3. The multi-layer composite body of claim 2, wherein the first composite layer and the second composite layer extend in a continuous manner with respect to each other, forming a substantially two-dimensional, homogenous structure.

4. The multi-layer composite body of claim 3, wherein the first composite layer and the second composite layer respond to a common external mechanical force in a different manner.

5. The multi-layer composite body of claim 4, wherein the common external mechanical force comprises a stretching force and a bucking load.

6. The multi-layer composite body of claim 5, wherein the first composite layer and the second composite layer remain in respective undeformed states with a first increase in the common external mechanical force until respective predetermined yield points are reached, wherein a first predetermined yield point for the first composite layer is different from a second predetermined yield point for the second composite layer.

7. The multi-layer composite body of claim 6, wherein the first composite layer and the second composite layer deform with a second increase in the common external mechanical force beyond the respective predetermined yield points.

8. The multi-layer composite body of claim 7, wherein the first composite layer and the second composite layer deform linearly under the second increase in the common external mechanical force beyond the respective predetermined yield points.

9. The multi-layer composite body of claim 7, wherein the first composite layer and the second composite layer regain respective undeformed states when the common external mechanical force is withdrawn.

10. The multi-layer composite body of claim 1 further comprising an adhesive layer inserted between and mechanically coupled with the first composite layer and the second composite layer, the adhesive layer configured to enhance a mechanical bonding, and reduce a shear moment between the first composite layer and the second composite layer.

11. A multi-layer composite body comprising: a first composite layer having a first elasticity parameter; and a second composite layer mechanically coupled with the first composite layer, the first composite layer and the second composite layer extending in a continuous manner with respect to each other and forming a substantially two-dimensional, homogenous structure, the second composite layer having a second elasticity parameter different from the first elasticity parameter, wherein the first elasticity parameter comprises a first modulus of elasticity and a first buckling coefficient and the second elasticity parameter comprises a second modulus of elasticity and a second buckling coefficient, and wherein the first composite layer and the second composite layer respond to a common external mechanical force in a different manner.

12. A wind turbine blade comprising the multi-layer composite body of claim 1.

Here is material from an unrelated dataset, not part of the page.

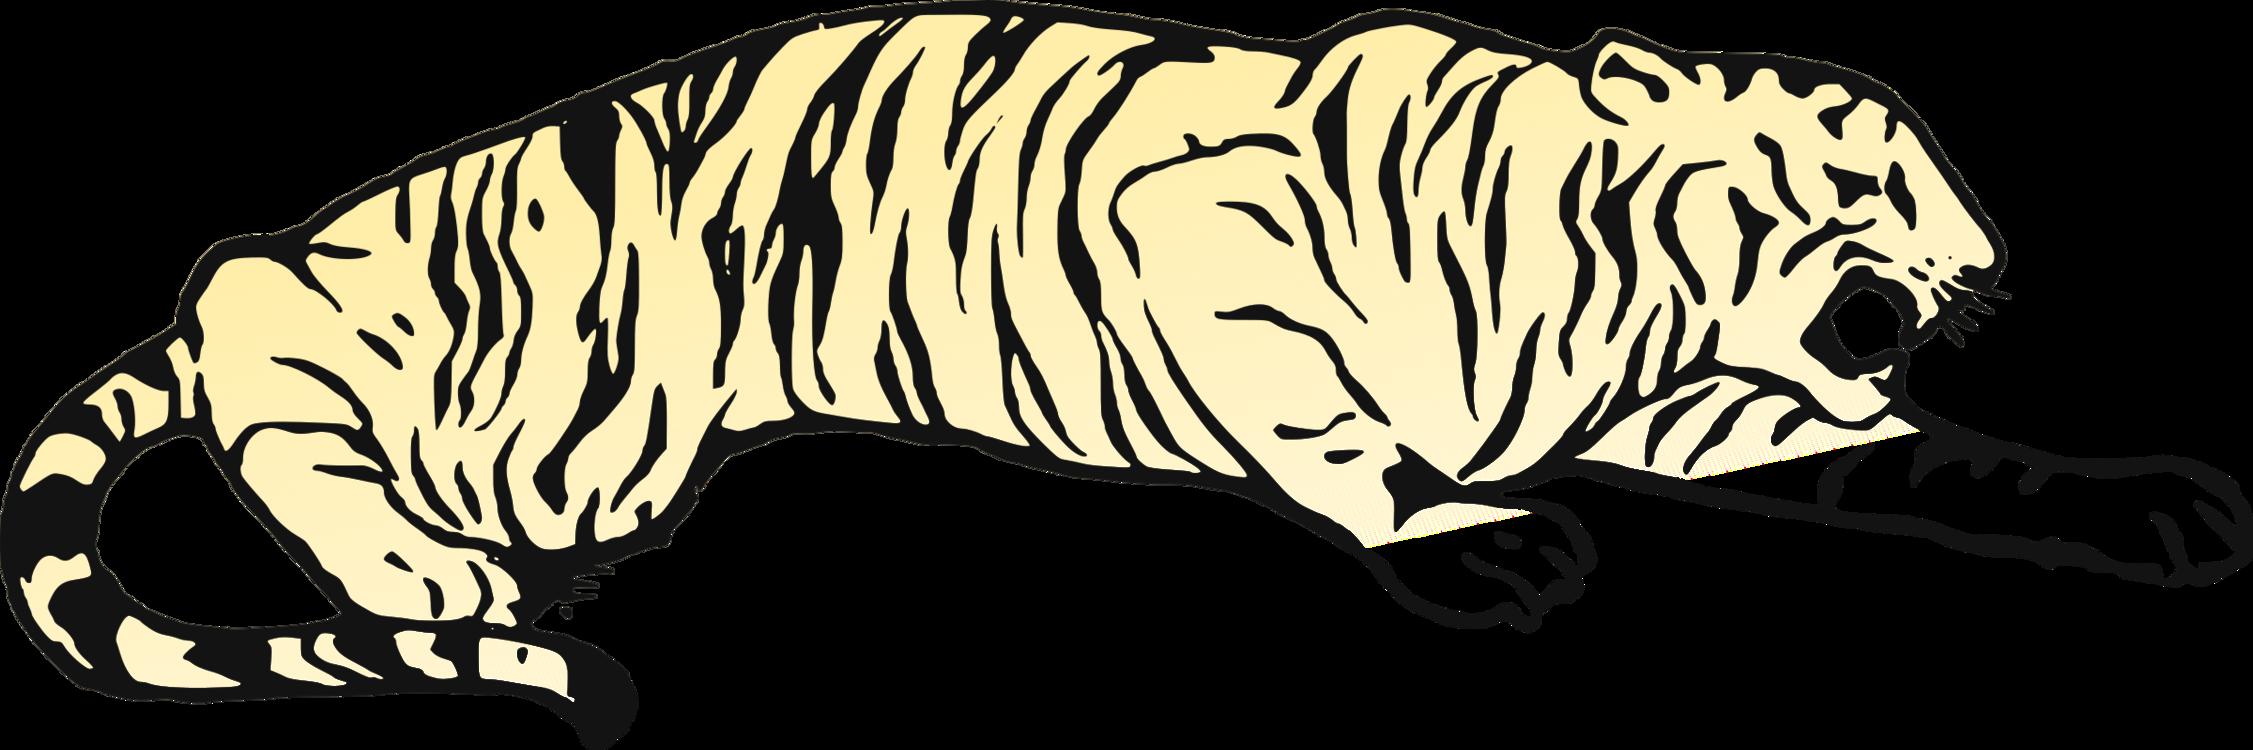 whiskers cat golden tiger bear bengal tiger free commercial clipart rh kisscc0 com bengal tiger head clipart Bengal Tigers Football

13. A wind turbine comprising one or more turbine blades, the one or more wind turbine blades comprising the multi-layer composite body of claim 1.

Description

BRIEF DESCRIPTION OF THE DRAWINGS

[0003] The accompanying drawings, which are included to provide a further understanding of the disclosed subject matter, are incorporated in and constitute a part of this specification. The drawings also illustrate implementations of the disclosed subject matter and together with the detailed description explain the principles of implementations of the disclosed subject matter. No attempt is made to show structural details in more detail than can be necessary for a fundamental understanding of the disclosed subject matter and various ways in which it can be practiced.

[0004] FIG. 1 is an illustrative view of a multi-layer composite structure, in accordance with an embodiment of this disclosure.

[0005] FIG. 2 is an illustrative view of a multi-layer composite structure, in accordance with an embodiment of this disclosure.

[0006] FIG. 3A is an illustrative view of the composite structure of FIG. 1 or FIG. 2 in the absence of external load condition.

[0007] FIG. 3B is an illustrative view of the composite structure of FIG. 1 or FIG. 2 under external load condition.

[0008] FIG. 3C is an illustrative view of the composite structure of FIG. 1 or FIG. 2 under ceased or withdrawn external load condition.

[0009] FIG. 4A is an illustrative view of the composite structure of FIG. 1 or FIG. 2 in the absence of external load condition.

[0010] FIG. 4B is an illustrative view of the composite structure of FIG. 1 or FIG. 2 under external load condition.

[0011] FIG. 4C is an illustrative view of the composite structure of FIG. 1 or FIG. 2 in the absence of external load condition.

[0012] FIG. 4D is an illustrative view of the composite structure of FIG. 1 or FIG. 2 under external load condition.

[0013] FIG. 4E is an illustrative view of the composite structure of FIG. 1 or FIG. 2 in the absence of external load condition.

[0014] FIG. 4F is an illustrative view of the composite structure of FIG. 1 or FIG. 2 under external load condition.

[0015] FIG. 5A is an illustrative view of the composite structure of FIG. 1 or FIG. 2 in the absence of external load condition.

[0016] FIG. 5B is an illustrative view of the composite structure of FIG. 1 or FIG. 2 under external load condition.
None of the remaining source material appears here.